Текст имеет три части и восемнадцать эпизодов. Их объем растет от начала до конца книги. Сложность их восприятия — также. Совсем, извините, как в Коране (чего, конечно, Джойс не стремился). По замыслу самого автора, текст разворачивается в нескольких планах — сюжетному, тематическому, реальному (связанному с личной жизнью Джойса), достаточно условному Гомеровом плане. Название роману — это римское имя героя бессмертного античного эпоса, известного нам как Одиссей. Сами названия эпизодов — это имена персонажей и мифические «топоси», реалии мифического гомерового мира. Первый из них, созданный в 1914 году, — «Телемак», дальше идут такие эпизоды как «Калипсо», «Лотофаги», «Аид», «Сцилла и Харибда», «Сирены», «Навсикая», «Итака». Последний эпизод, «Пенелопа», который воспроизводит «беллетристический поток сознания» Молли Блюм, жены главного героя, — самый известный в мировой литературе образец вновь созданного литературного стиля. Его наследование стало не только элементом национальной литературы, своеобразным «общебританским ноу-хау», но и вызывало множество стилистических повторов во всех следующих поколениях, которые вовсе не считали их вторичным или эпигонским «обезьянничанием». Интересных результатов в этих попытках достигла также и украинская молодая проза.
Первые эпизоды роману воспринимаются легко.

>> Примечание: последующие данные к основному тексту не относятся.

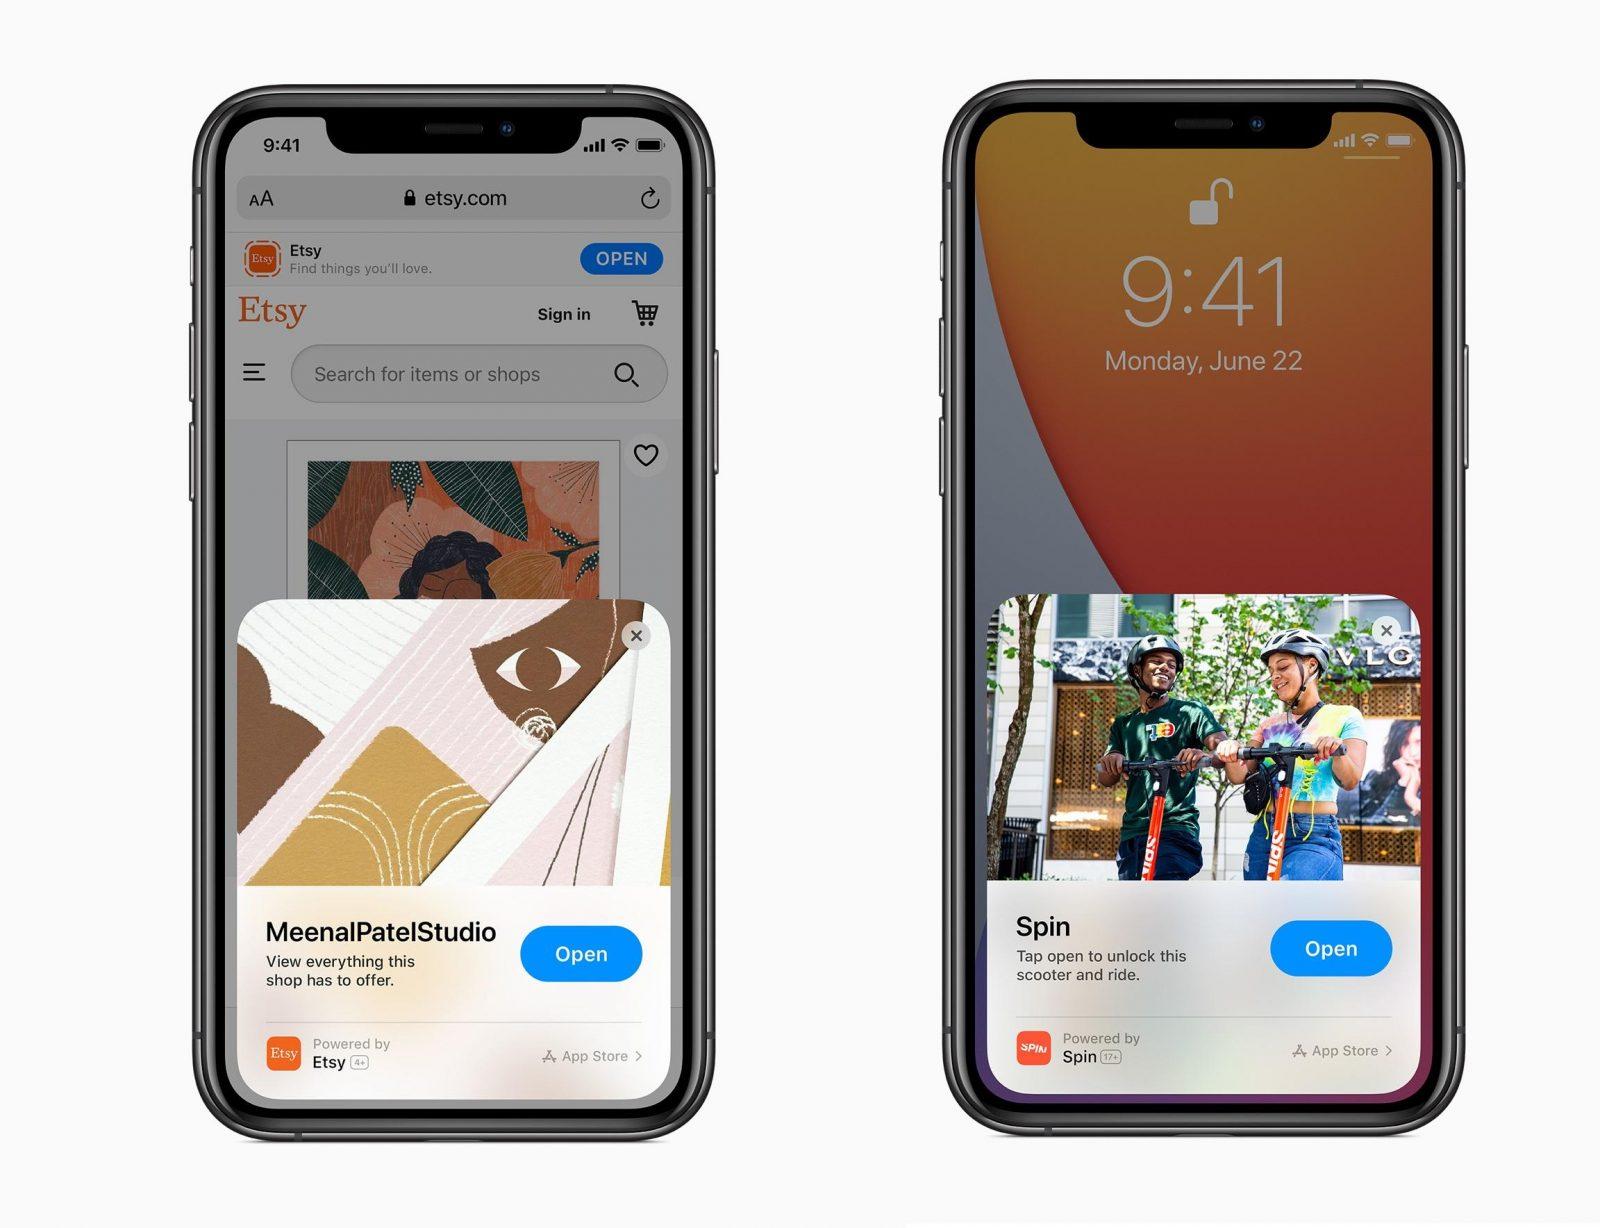 Сообщения Apple в iOS 14 (изображения: Apple)

Потом появляется корявая несуразность, преодолеть которые вовсе не просто. Например, при переводе древнеанглийскую языковую канву оказалось целесообразнее пересказать старославянским языком. Здесь важны не слова, а контексты. Это, конечно, не дает стопроцентного представления об оригинальном тексте. Ведь если переводить полностью все культурно-исторические контексты на нашу почву, мы получим роман вовсе не о Дублине, а, скажем, о том же Петербурге. Поэтому нашему читателю за вдумчивое и терпеливое прочтение роману можно смело давать самый почетный орден Британской империи — Пурпуровое сердце.
P. S. Крошечная по географическим меркам, Ирландия, однако, «обнимает» намного более значительную часть мирового пространства культурничества. Эта земля, славная, прежде всего, как «картофельная страна» и «родина виски», дала мировой литературе таких титанов, как Джонатан Свифт, Бернард Шоу, Джеймс Джойс. «Процент литературной гениальности» уроженцев этой земли — наивысший в мире. Определено, суровый и негостеприимный климат и убогие почвы, не наикратчайший стимул, для изобилует флоры стал, однако, стимулом для расцвета других талантов ирландского духа — необузданного искателя и «пионера» в области не только освоения американских прерий (не забываем, что именно ирландцы были одними из самых первых покорителей Нового Мира). «Смятения ирландского духа» хватило для того, чтобы «перепахать» литературную целину в масштабах, которые намного превышают мировые представления о коротких, мелких акрах, которыми Господь наделил эту землю. А его влияние на множество закоснелых мозгов преодолевает любые границы. Этот «ирландский феномен» — яркое свидетельство того, что «провинция» — понятие вовсе не географическое.
И, наверное, еще не одно поколение будет воспринимать джойсовский роман как красную мулету, вызов самоуспокоенному бюргерскому существованию. Ведь он изображает нас такими, которыми мы не слишком привыкли и не хотели бы себя видеть. И все же в мире, слава богу, не уменьшается тех, кто способен согласиться, что «другой» — это тот же Я, лишь при других обстоятельствах.